**The data:**
--
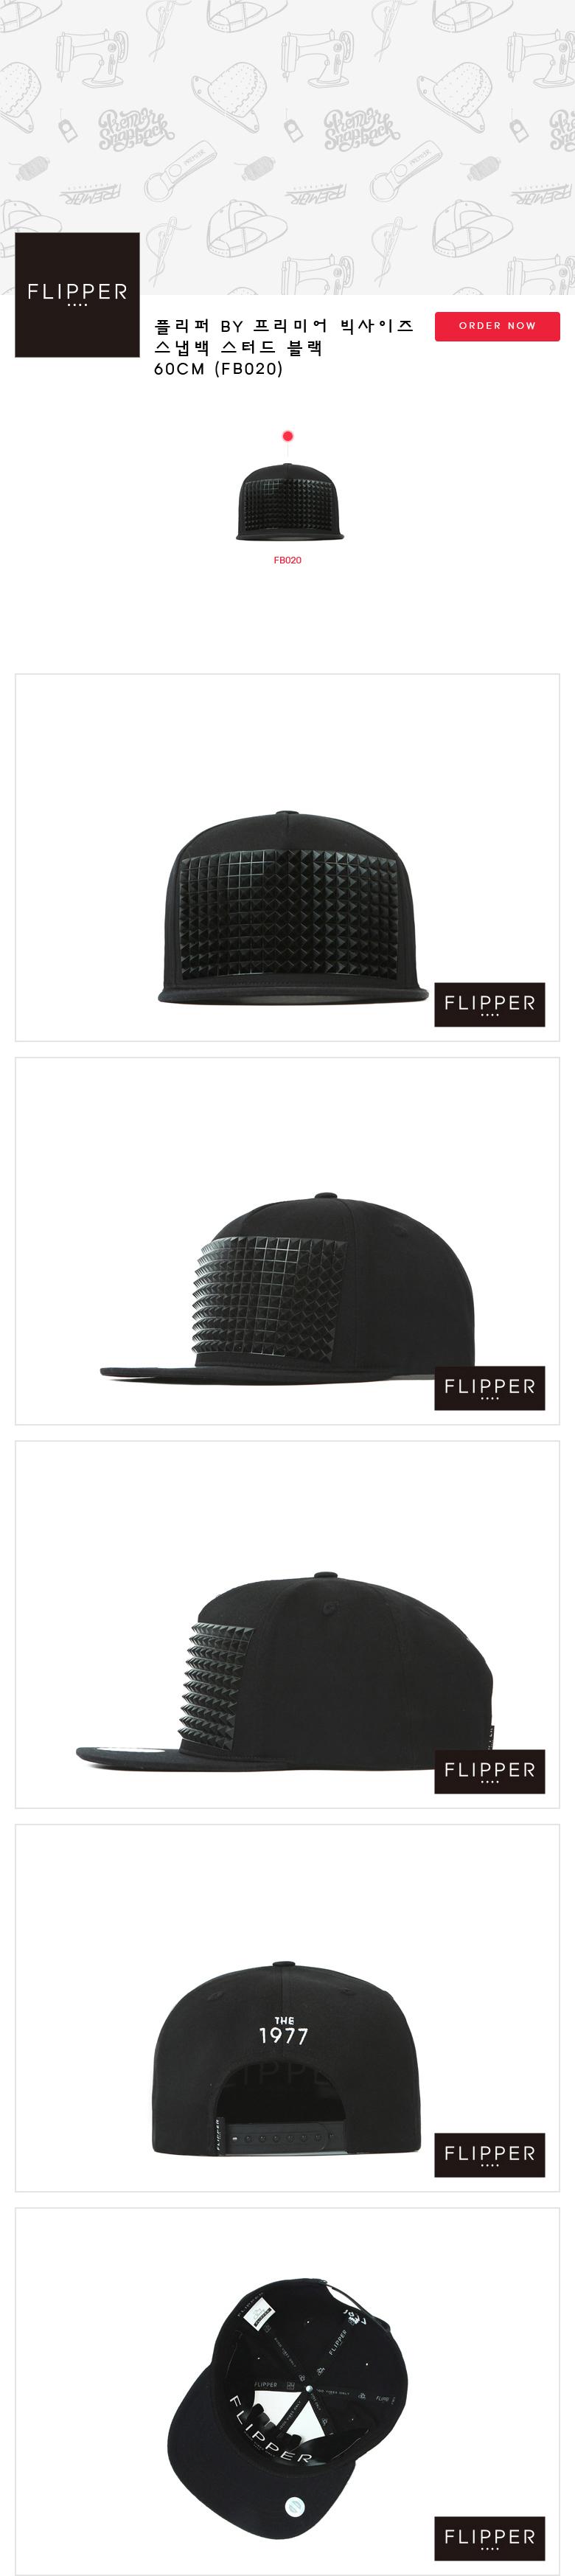 [ PREMIER ] [Premier] Flipper Big Size Snapback Stud Black 60CM (FB020)
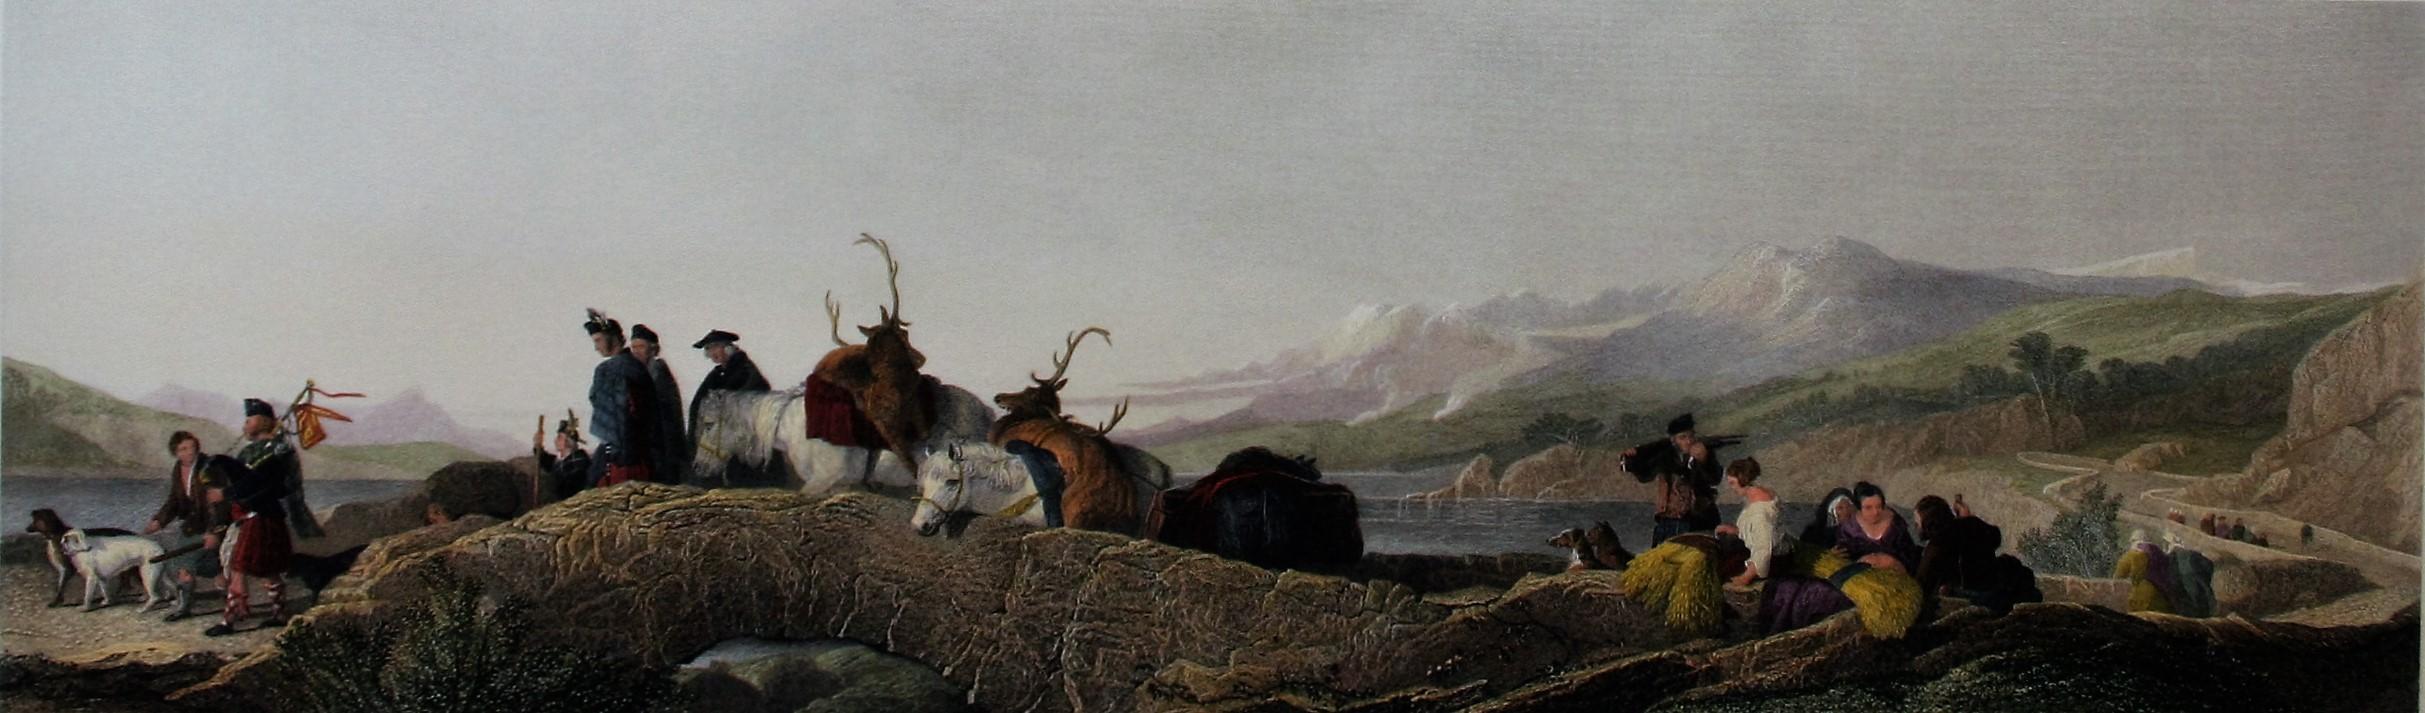 Sir Edwin Henry Landseer 1802-1873
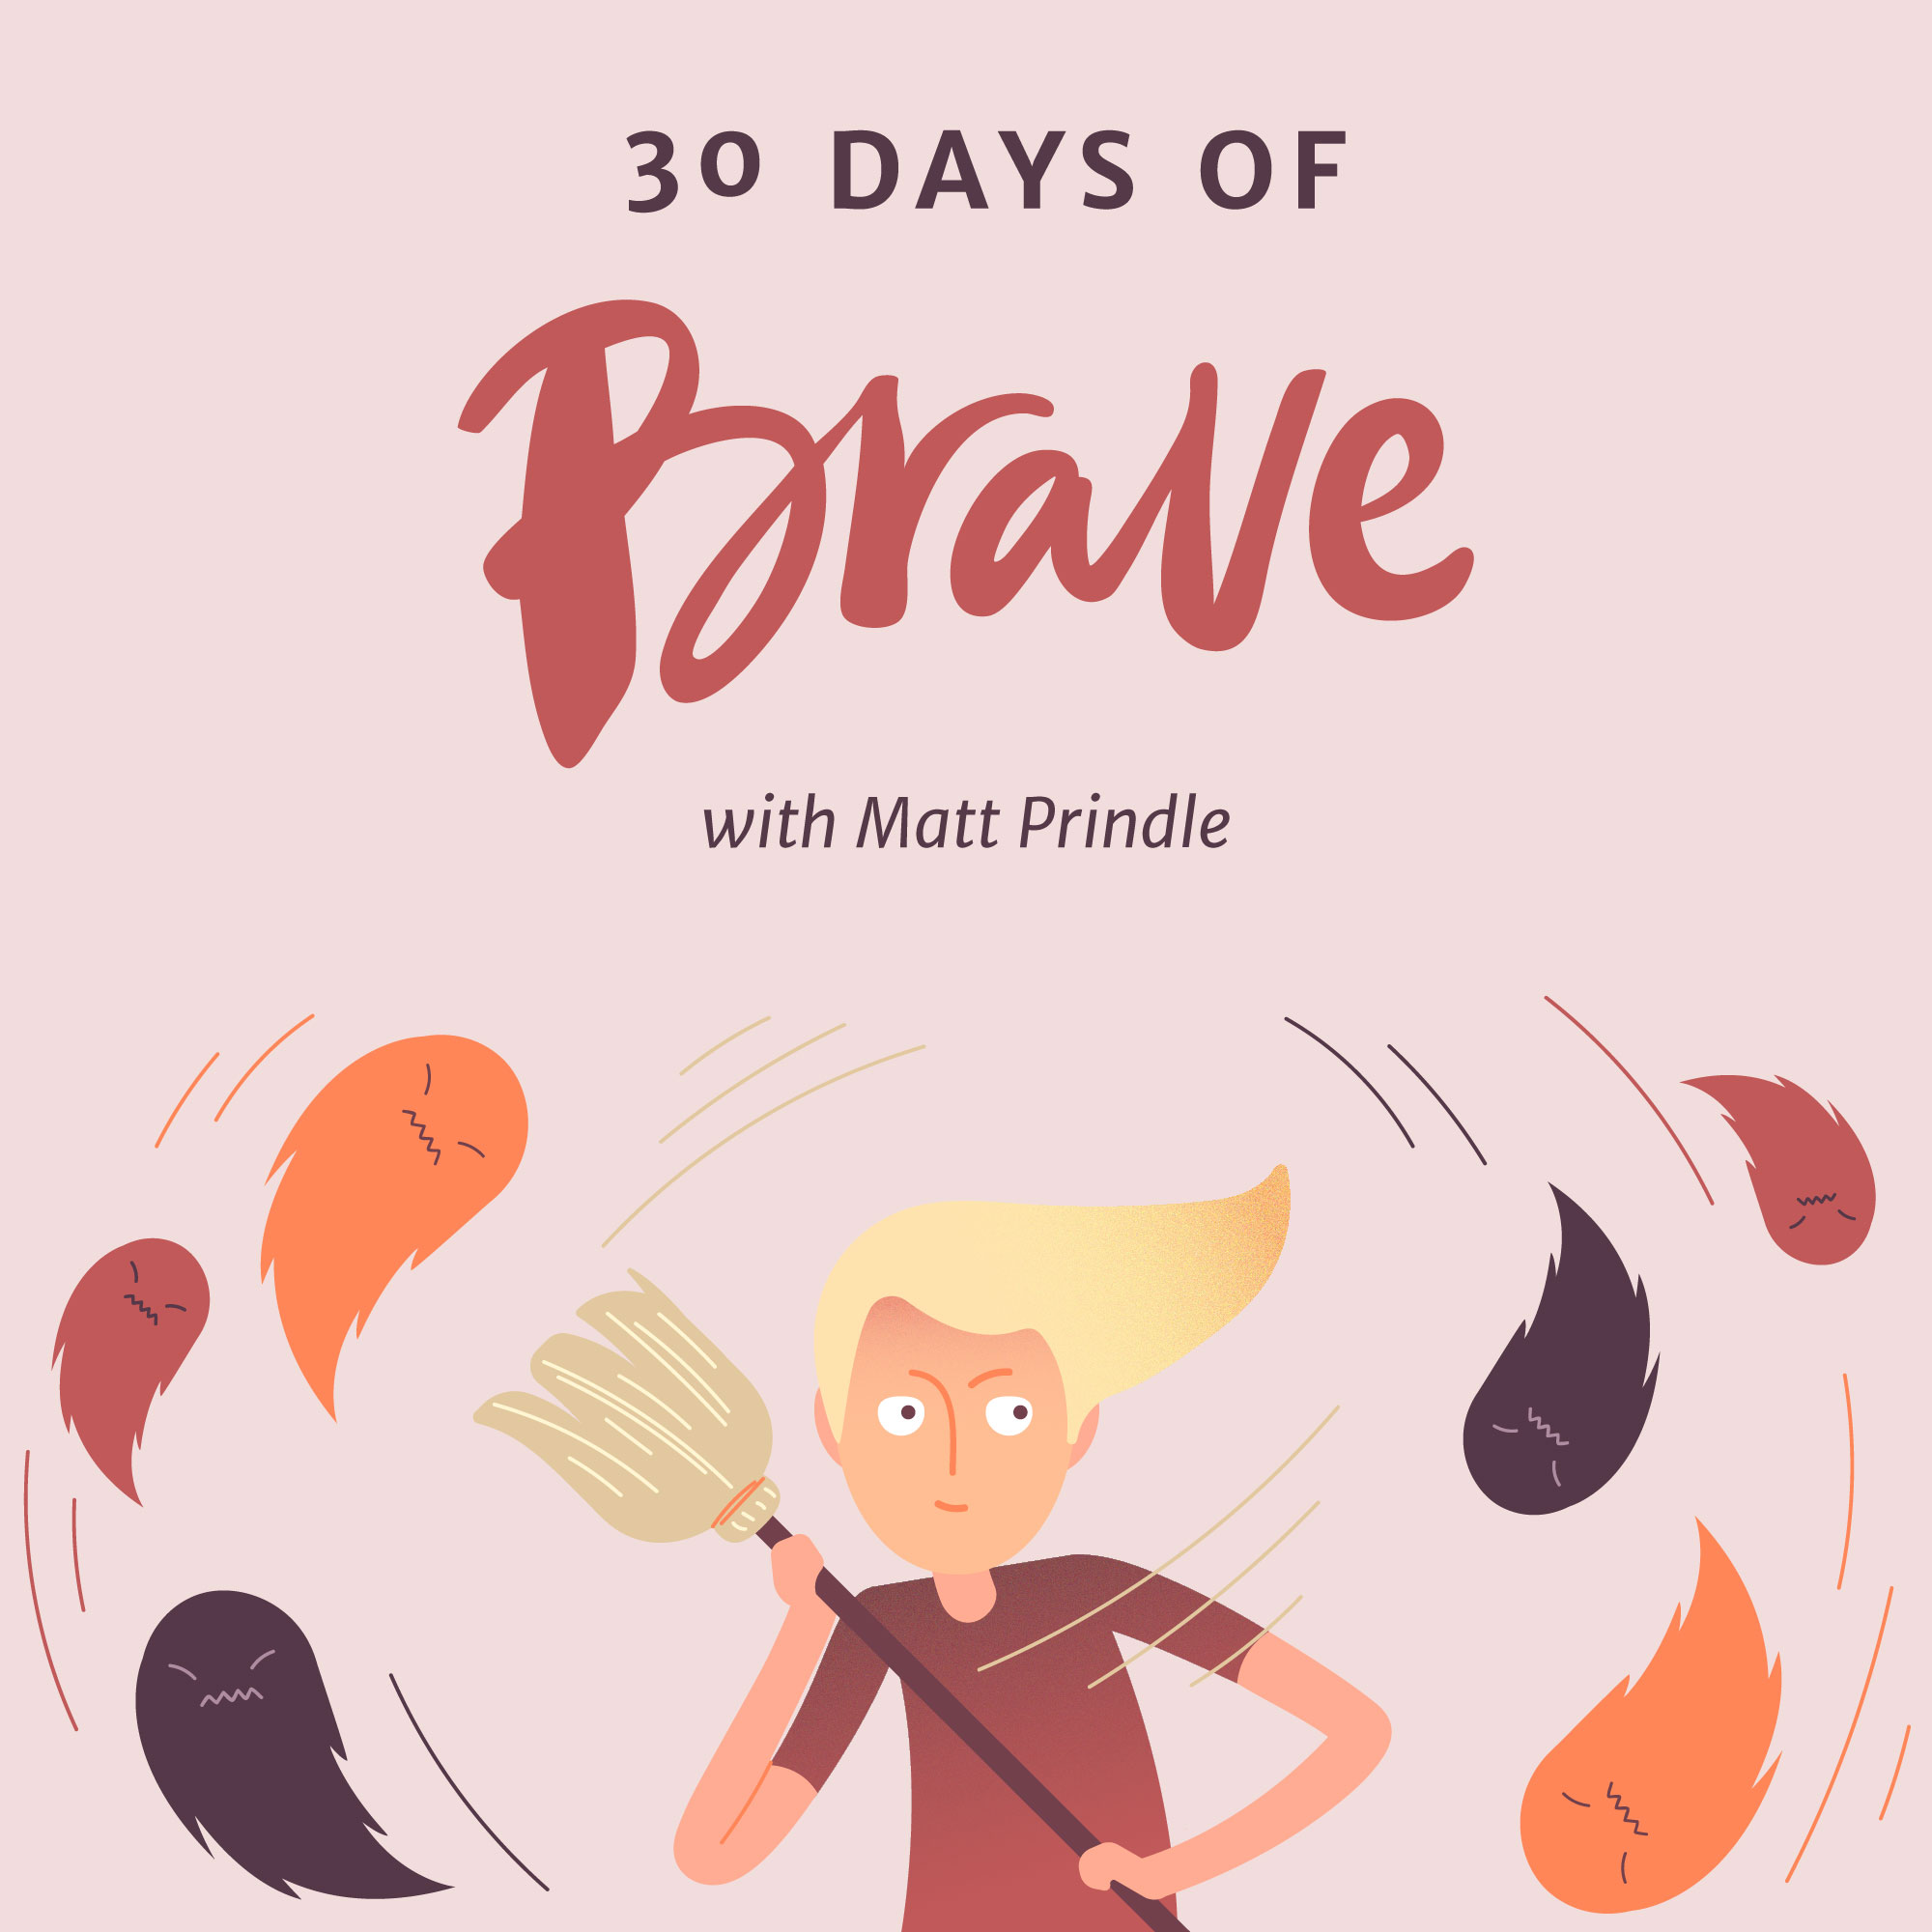 30 Days of Brave
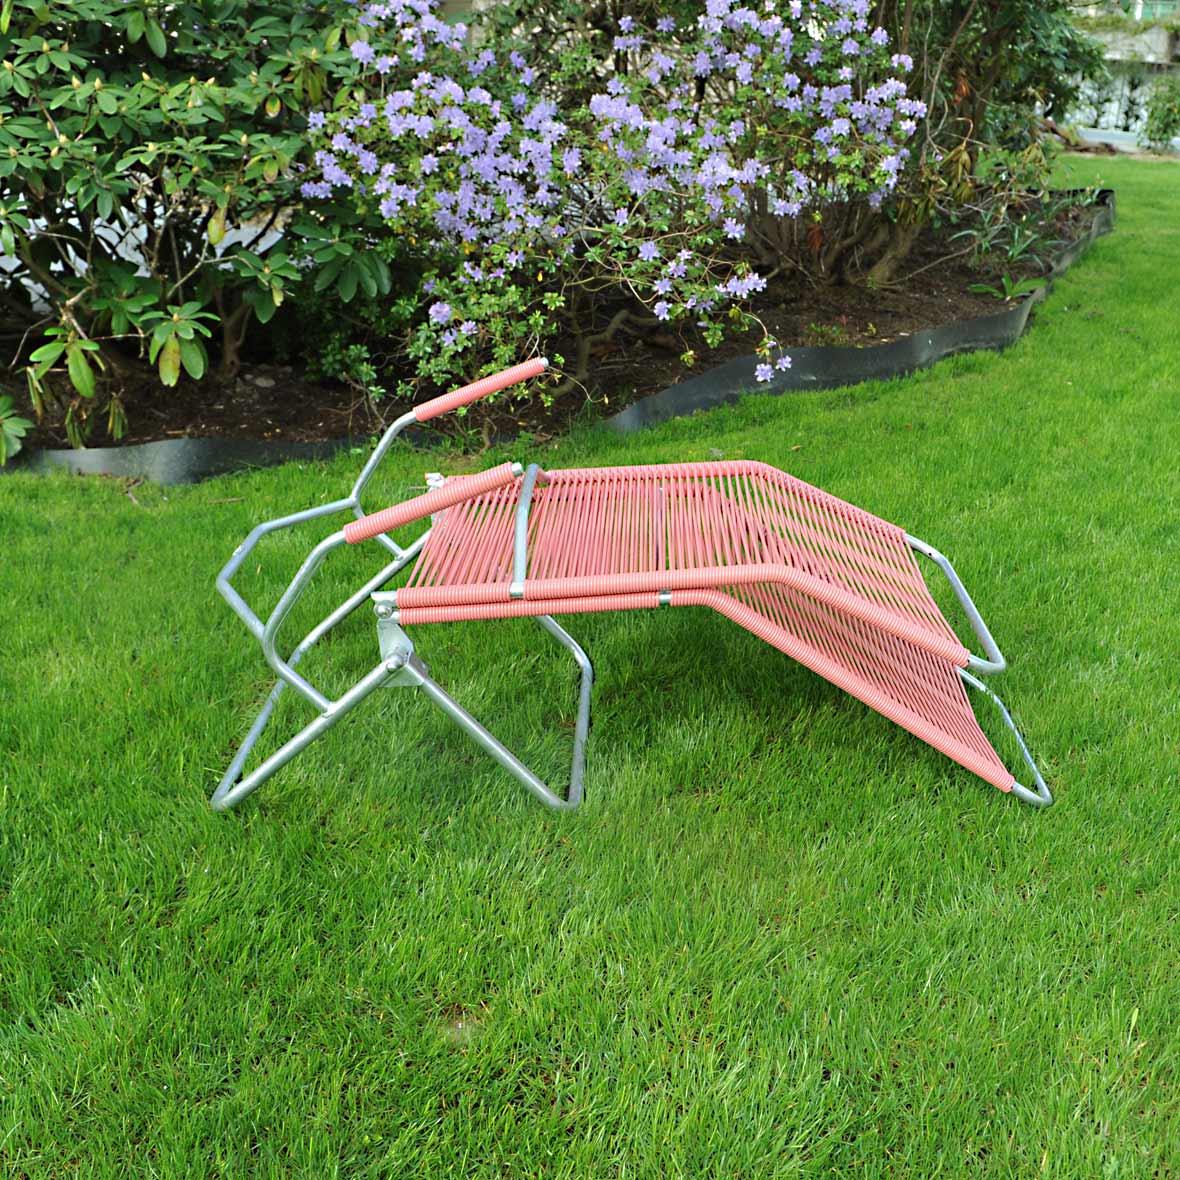 Liegestuhl Gebraucht.Altorfer Liegestuhl
--
Copy the listing exactly but drop its images.

**Answer area:**
 [ PREMIER ] [Premier] Flipper Big Size Snapback Stud Black 60CM (FB020)
 Sir Edwin Henry Landseer 1802-1873
 30 Days of Brave
 Liegestuhl Gebraucht.Altorfer Liegestuhl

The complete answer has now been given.